To gain insight into the repeat landscapes of these two genomes and the evolutionary processes that have shaped them, we obtained low-coverage 454 high-throughput sequencing data from genomic shotgun libraries, as well as 454 transcriptome sequence showing evidence of TE transcriptional activity in both species. Using this data, we analyzed TE and simple sequence repeat (SSR) content, diversity, and origins. The results reveal extraordinary differences between these two snakes. They also contribute to a broader understanding of vertebrate genome evolution and diversity by beginning to show how snake genomes compare to one another and to other vertebrates.
Materials and Methods
Shotgun Library Creation and Sequencing
Whole genome random shotgun libraries were made from two snake species, A. contortrix (the copperhead; from a Texas population) and P. molurus bivittatus (the Burmese python; obtained from the pet trade); animals and tissues were procured and processed through the Amphibian and Reptile Diversity Research Center at The University of Texas Arlington. Total DNA was prepared from liquid-nitrogen snap-frozen liver tissue by standard phenol–chloroform–isoamyl alcohol extraction methods. 454 FLX-LR and 454 Titanium-XLR genomic shotgun libraries were prepared using the 454 shotgun library preparation kit and protocol (Roche). Libraries were sequenced on the Roche 454 FLX sequencing platform. From the Agkistrodon FLX-LR shotgun library, 60.3 Mb from 280,303 sequence reads were collected using Roche/454 FLX-LR sequencing kits, amounting to about 4.5% of the estimated 1.35 Gbp (Gregory et al. 2007) genome (supplementary tables S1, Supplementary Material online). Two libraries from the same individual (one FLX and one Titanium) were sequenced for the Python; from the FLX-LR library, we sequenced 61,256 reads, totaling 13.3 Mbp, and from the Titanium-XLR library, we sequenced 57,717 reads, totaling 15.2 Mbp. In sum, 28.5 Mbp of Python sequence from 118,973 reads were collected, representing ∼2.0% of its estimated 1.42 Gbp genome (based on estimates of the related Python reticulatus genome, supplementary tables S1, Supplementary Material online). Comparisons of repeat annotations of FLX-LR and FLX-XLR data for Python indicated extremely little difference between the two data types (supplementary fig. S10, Supplementary Material online). Sequence reads with similarity to the mitochondrial genome were filtered out prior to analyses (see supplementary methods, Supplementary Material online).
We used the current release of the Tetrapoda RepBase (version 12.12, 17 January 2008) as the repeat library for RepeatMasker (Smit et al. 2010) to identify known repeat elements in the snake genomes. For comparisons, we also ran RepeatMasker on ∼50 Mbp of the Anolis genome (AnoCar1.0) from four combined genome scaffolds. For SSR analysis, we used a previously written Perl script (Castoe et al. 2010) that was modified to identify SSR loci with repeated sequence motifs of 2–6 bases in length and a minimum of 12 bases in length (for 2–4mers) or containing 3 or more tandem repeats (for 5–6mers). We used the program RepeatModeler (Smit A, unpublished data) to identify de novo repeat sequences in our snake data sets, based on the run parameters suggested as defaults by the program. The approach essentially couples two de novo repeat finding methods, RECON (Bao and Eddy 2002) and RepeatScout (Price et al. 2005), together with Tandem Repeat Finder (Benson 1999). We modified RepeatModeler's RepeatMasker parameters to specify the Tetrapoda library. For all RepeatModeler analyses, we combined the new Python and Agkistrodon libraries into a single joint snake library to recover as many elements as possible and control for differences in sequencing depth. Consensus sequences from RepeatModeler were classified using RepClass (Feschotte et al. 2009).

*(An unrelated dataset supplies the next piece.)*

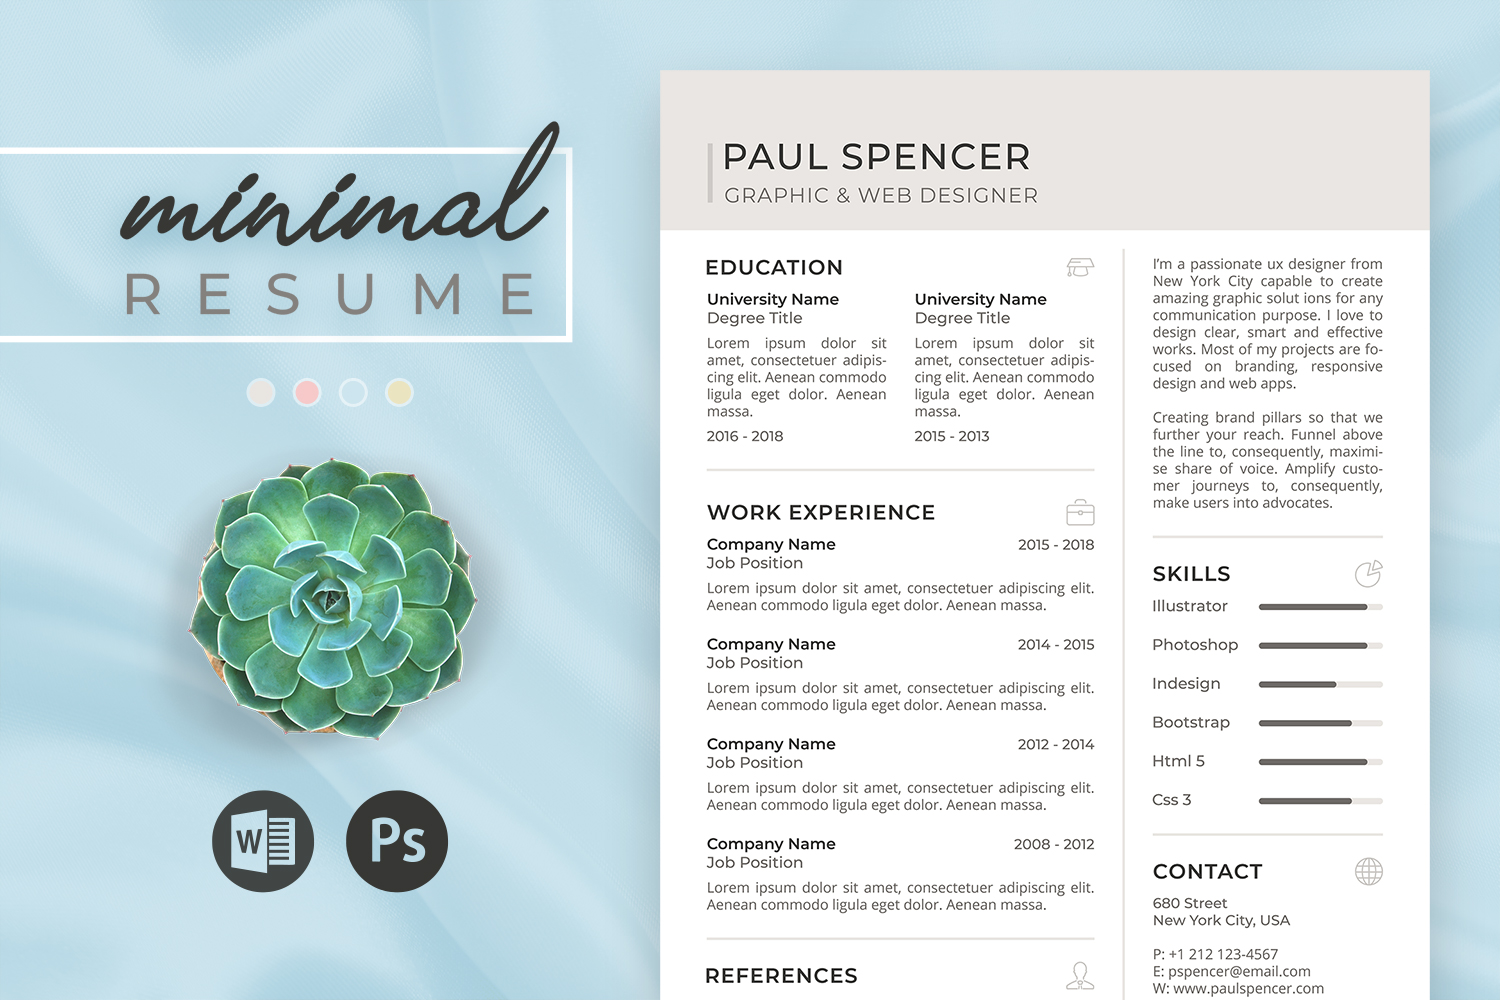 Minimal Resume - Editable CV Resume with Cover Letter

By identifying novel “families” that hit the same known TE family, we were able to reduce the original count of new family consensus sequences by 18.6% and 20.3% in Python and Agkistrodon, respectively (see supplementary methods and supplementary tables S2 and S3, Supplementary Material online). We also used the program P-clouds for identifying de novo repeats, with the following parameter settings: 2, 3, 6, 12, and 24 for low, core, step-1, step-2, and step-3 cutoffs (Gu et al. 2008). Details provided in supplementary methods (Supplementary Material online).
Consensus sequences for select TEs were assembled in an iterative fashion, using successive rounds of mapping reads to existing element sequences to extend element alignments and then taking the consensus of these alignments. Mapping was conducted using gsmapper software (Roche) and used to estimate read coverage across the length of elements. For estimation of sequence divergence from element consensus sequences, sequences were aligned using POA (Lee et al. 2002). In the case of LINEs, for which we expected multiple subfamilies to exist, sequence divergence was estimated excluding sites inferred to define element subfamilies (see supplementary methods, Supplementary Material online), similar to (Aleshin and Zhi 2010).
cDNA Sequencing and Analysis
RNA was extracted, poly-A enriched, and cDNA libraries were prepared from A. contortrix and P. molurus liver tissue samples using standard techniques. Libraries were bidirectionally sequenced using the FLX-LR reagents on the 454 FLX instrument. All steps were carried out on both samples, side-by-side, from RNA extraction through sequencing. Transcript contigs were assembled using the 454 GSAssembler, and we searched for TE sequences using our snake-specific libraries in RepeatMasker. Details provided in supplementary methods (Supplementary Material online).
The 60.3 Mbp sequenced from the A. contortrix (copperhead hereafter, for readability in the text) random shotgun sequence library amounts to about 4.5% of its estimated 1.35 Gbp genome, whereas the 28.5 Mbp sequenced from the P. molurus (python hereafter) represents about 2.0% of its estimated 1.42 Gbp genome (supplementary table S1, Supplementary Material online; NCBI Sequence Read Archive accession SRA029568.1; also available at www.snakegenomics.org/SnakeGenomics/RawData.html). Distributions of base call quality scores are very similar for both species, facilitating direct comparisons between the data for both species (supplementary fig. S1, Supplementary Material online). To provide a baseline estimate for expected levels of neutral sequence divergence among the python, copperhead, and anole, we analyzed a previously published 12 nuclear protein-coding gene data set (Wiens et al. 2010). We estimated an average synonymous divergence (i.e., dS branch lengths; see supplementary methods, Supplementary Material online) of 0.709 substitutions/site between the anole and the snakes and 0.221 substitutions/site between the python and copperhead.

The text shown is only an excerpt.